■ **Given data**:
• • • •
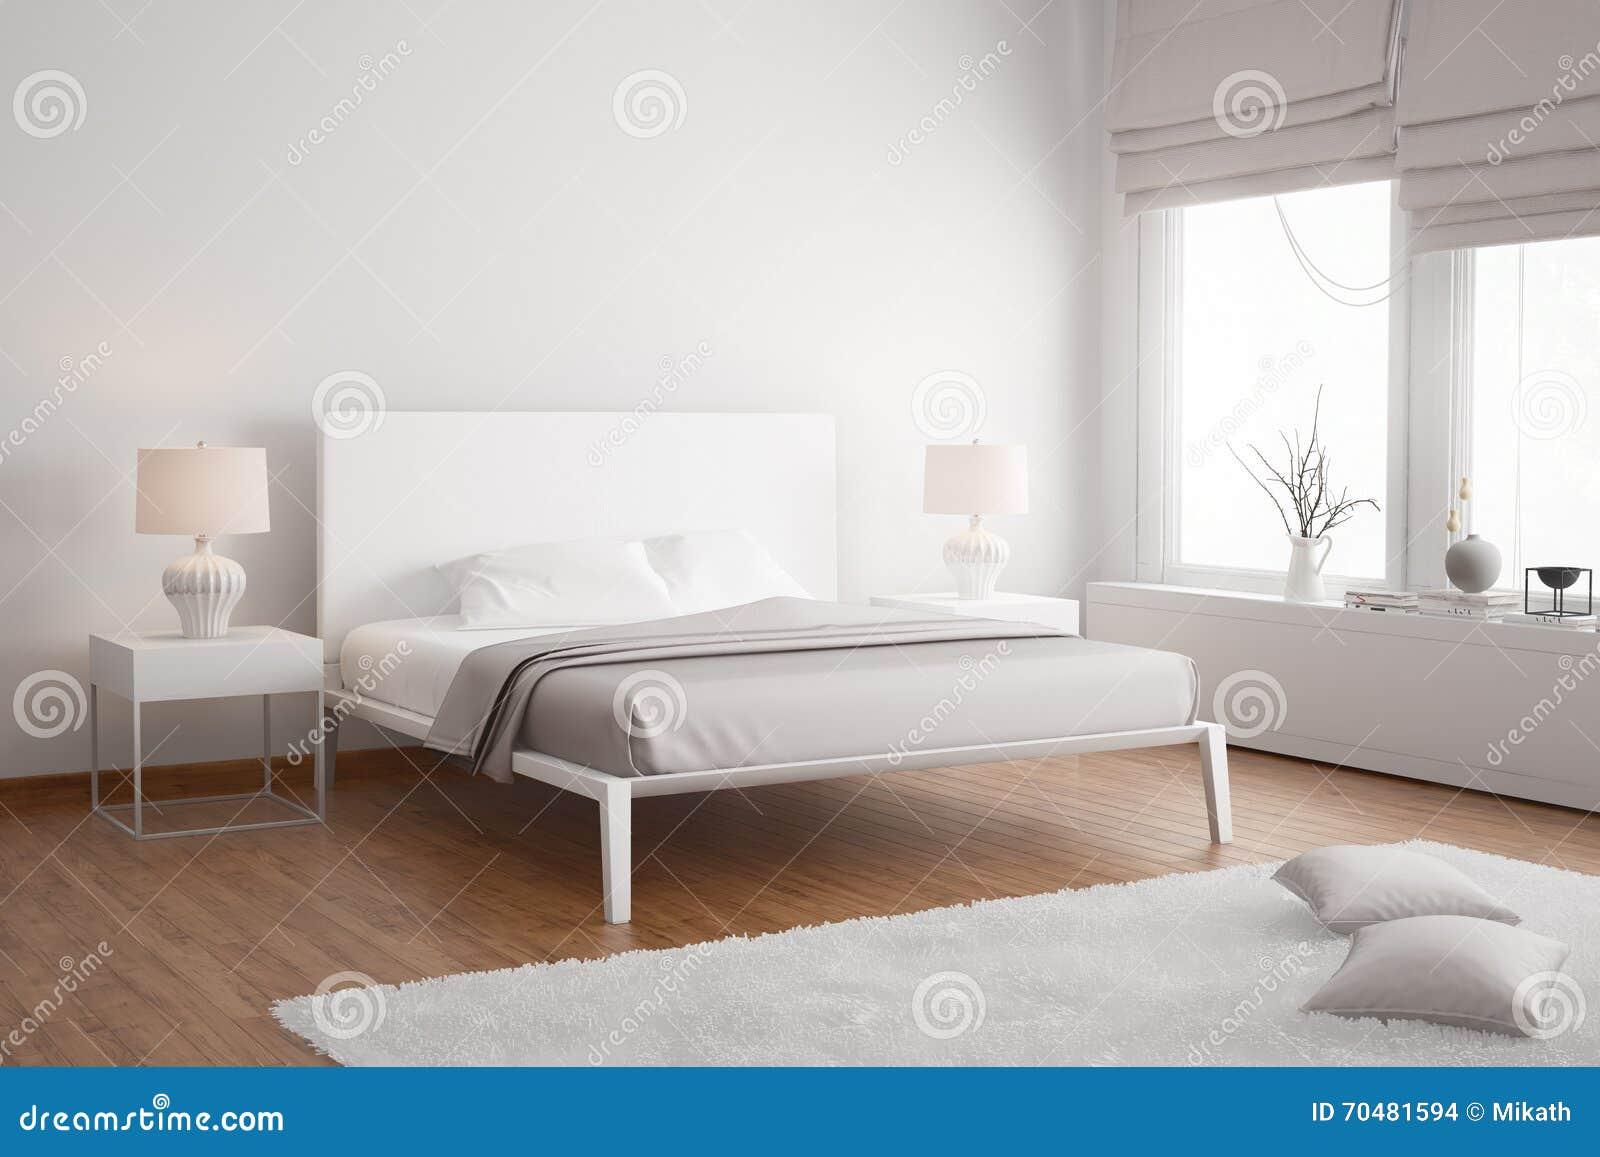 Chambre a coucher blanche et mauve for Chambre a coucher blanche moderne
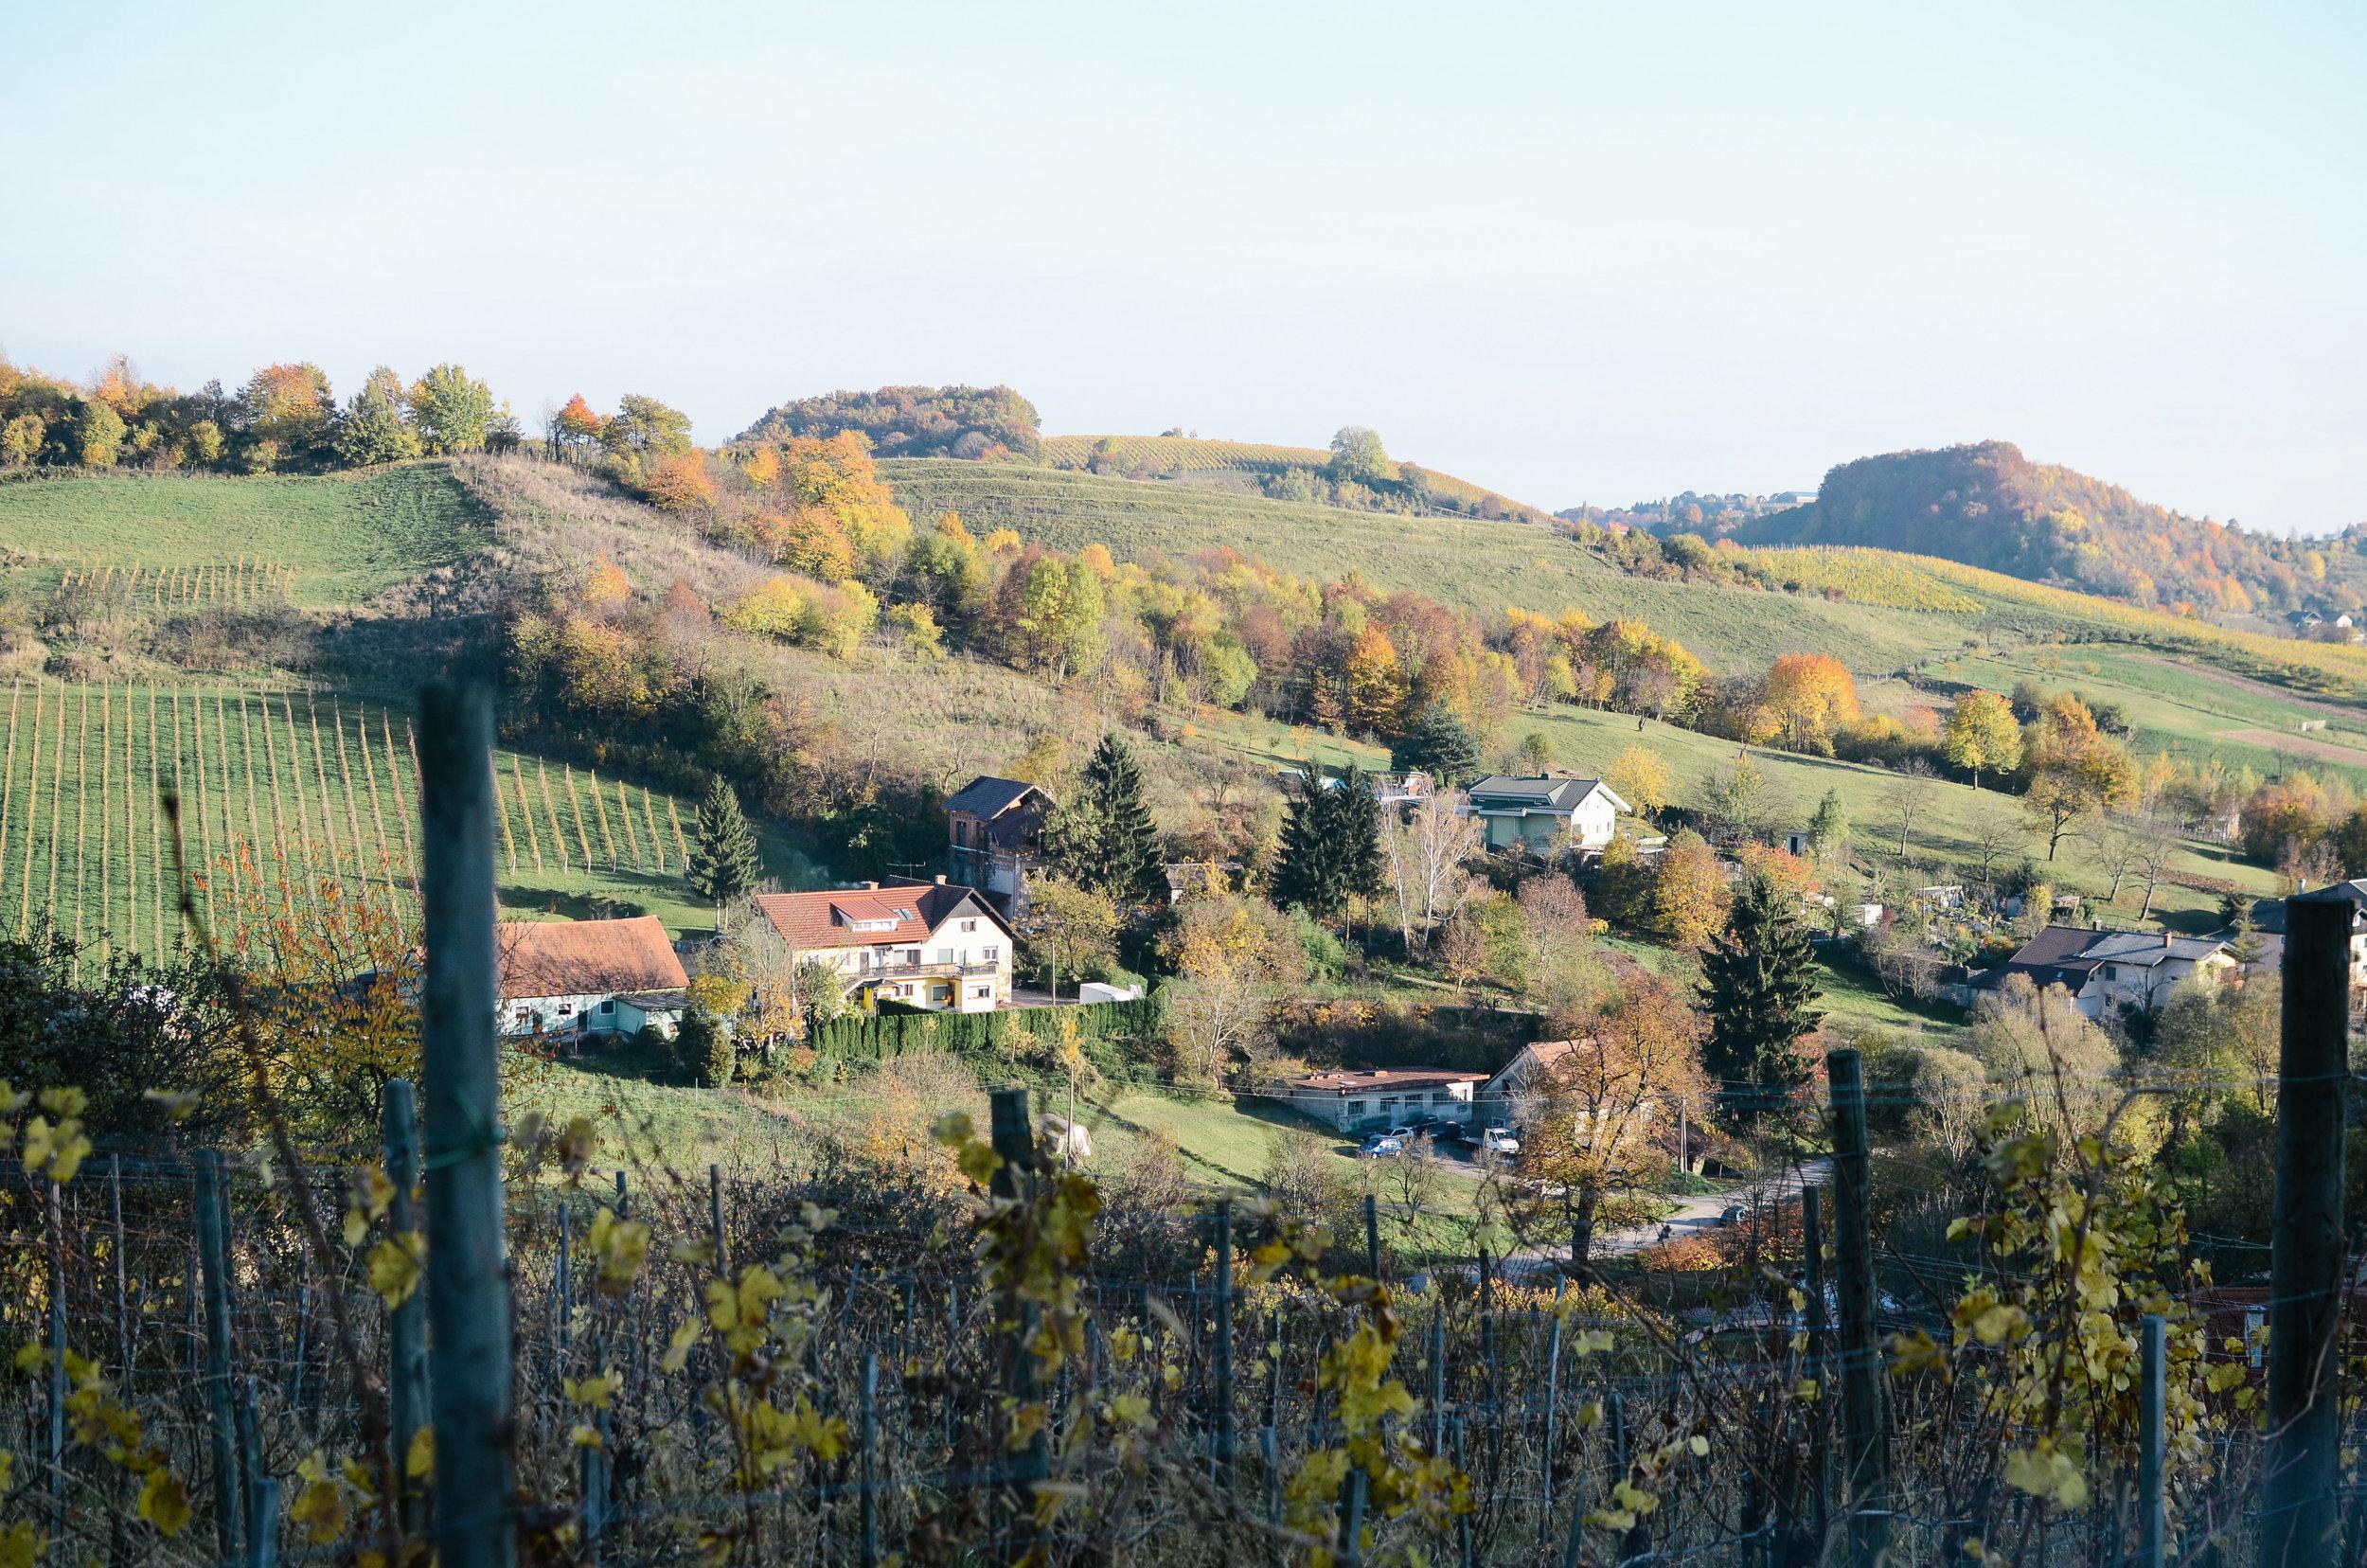 slovenia-travel-glamping-chateau-ramsak_DSC_2187.jpg
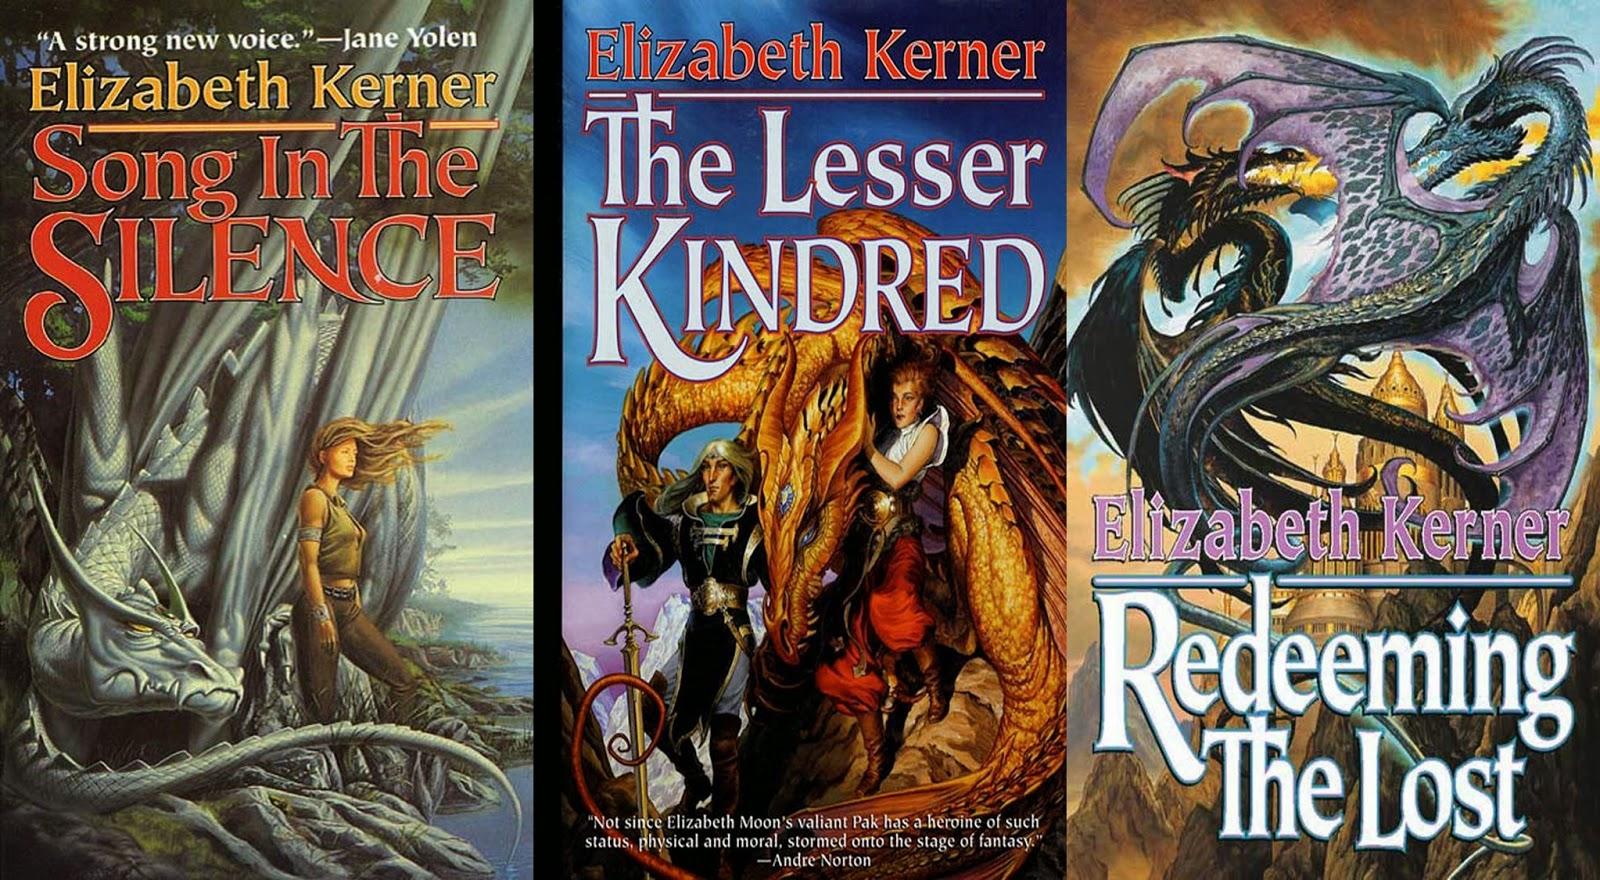 Tales of Kolmar by  Elizabeth Kerner | Epic Fantasy | Series Summary
• • • •
Reproduce the whole of the data, word for word, and omit its pictures.

■ **Result below**:
 Chambre a coucher blanche et mauve for Chambre a coucher blanche moderne
 slovenia-travel-glamping-chateau-ramsak_DSC_2187.jpg
 Tales of Kolmar by  Elizabeth Kerner | Epic Fantasy | Series Summary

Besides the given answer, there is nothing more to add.